Darrell SUTTON, Appellant,
v.
STATE of Florida, Appellee.
No. 92-02887.
District Court of Appeal of Florida, Second District.
April 22, 1994.*1033 James Marion Moorman, Public Defender, and D.P. Chanco, Asst. Public Defender, Bartow, for appellant.
Robert A. Butterworth, Atty. Gen., Tallahassee, and Johnny T. Salgado, Asst. Atty. Gen., Tampa, for appellee.
LAZZARA, Judge.
Darrell Sutton challenges the judgment and sentence of the trial court. He raises two issues on appeal. He first argues that the trial court erred in denying his motion to suppress evidence. We find no merit in this argument and affirm.
In his second argument, we again confront a situation in which a defendant complains of the improper imposition of court costs. We agree with Sutton's contention and reverse and remand for further proceedings. In doing so, we hope by this opinion to clarify an area of the law that continues to spawn unnecessary appellate review.

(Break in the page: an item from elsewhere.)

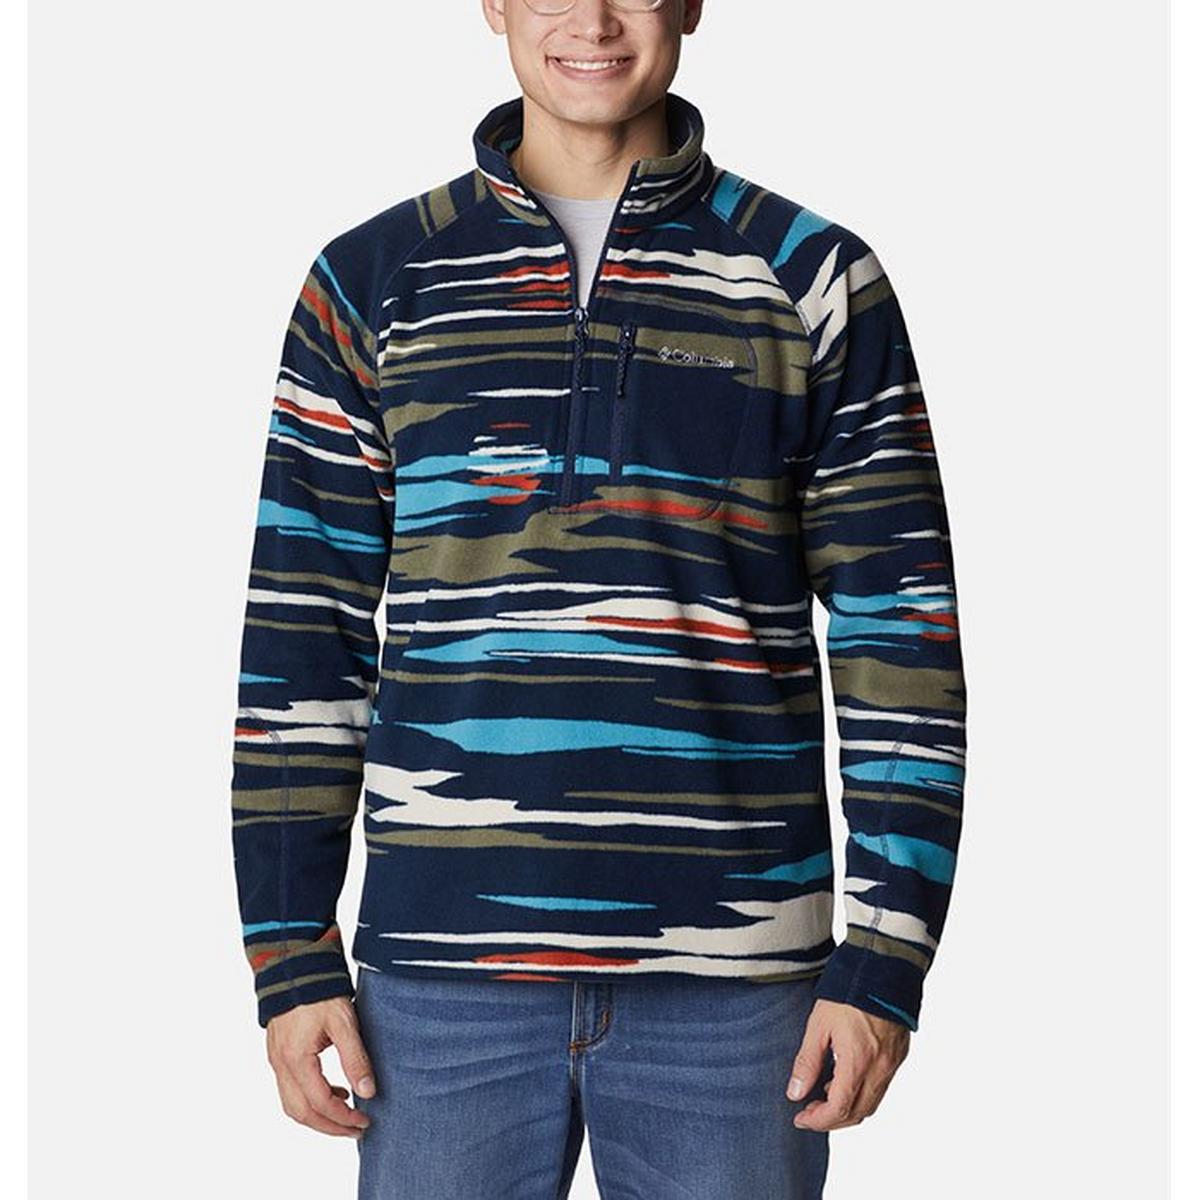 Men's Fast Trek™ Printed Half-Zip Fleece Pullover Top

Sutton entered an open plea of nolo contendere to various criminal offenses, specifically reserving the right to appeal the denial of his motion to suppress. The trial court sentenced him to a period of probation and orally announced that as a special condition he was to pay $600 in court costs and $100 to the Hillsborough County drug education fund. The trial court gave no statutory basis for the imposition of these costs and did not give Sutton any prior notice of its intent to make an assessment for the drug education fund.
The trial court later rendered a written judgment, as well as a written order of probation. Although the judgment and order referred to the costs, neither cited to the statutory basis authorizing their imposition. Additionally, even though the judgment did not break down the $600 costs into specific categories, the probation order did delineate them as follows: $235 for court costs; $250 for the court improvement fund; and $115 for costs of prosecution.[1]
We recognize that statutorily mandated court costs[2] can be imposed without notice to a defendant. State v. Beasley, 580 So. 2d 139 (Fla. 1991). However, as we have consistently held, the record must contain a citation to the proper statutory authority supporting the assessment of such costs. E.g., Brown v. State, 506 So. 2d 1068 (Fla. 2d DCA), rev. denied, 515 So. 2d 229 (Fla. 1987). In this case, the record contains no such statutory reference.
We have also held that discretionary costs such as those assessed for the court improvement fund, the drug education fund, and costs of prosecution cannot be imposed unless a defendant is given notice and an opportunity to be heard, and the record recites the statutory authority for their imposition. Williams v. State, 604 So. 2d 13 (Fla. 2d DCA 1992). The record here fails to reflect compliance with these requirements.
Finally, we hold again that if costs of prosecution are based on section 939.01, Florida Statutes (1993), then the state has the burden of proving the amount of these costs, and the trial court must consider the defendant's financial resources before imposing them. Tennie v. State, 593 So. 2d 1199 (Fla. 2d DCA 1992). This procedure was not followed in this case.
We, therefore, strike the costs imposed on Sutton. On remand, the state may seek to reimpose these costs consistent with the law expressed in this opinion. Williams; Wray v. State, 596 So. 2d 80 (Fla. 2d DCA 1992).
*1034 Affirmed in part, reversed in part and remanded.
RYDER, A.C.J., and PATTERSON, J., concur.
NOTES
[1] The record does not reflect why the assessment for the drug education fund was omitted from the probation order.
[2] See, e.g., §§ 27.3455(1); 939.015; 939.017; 943.25(3); 960.20, Fla. Stat. (1993).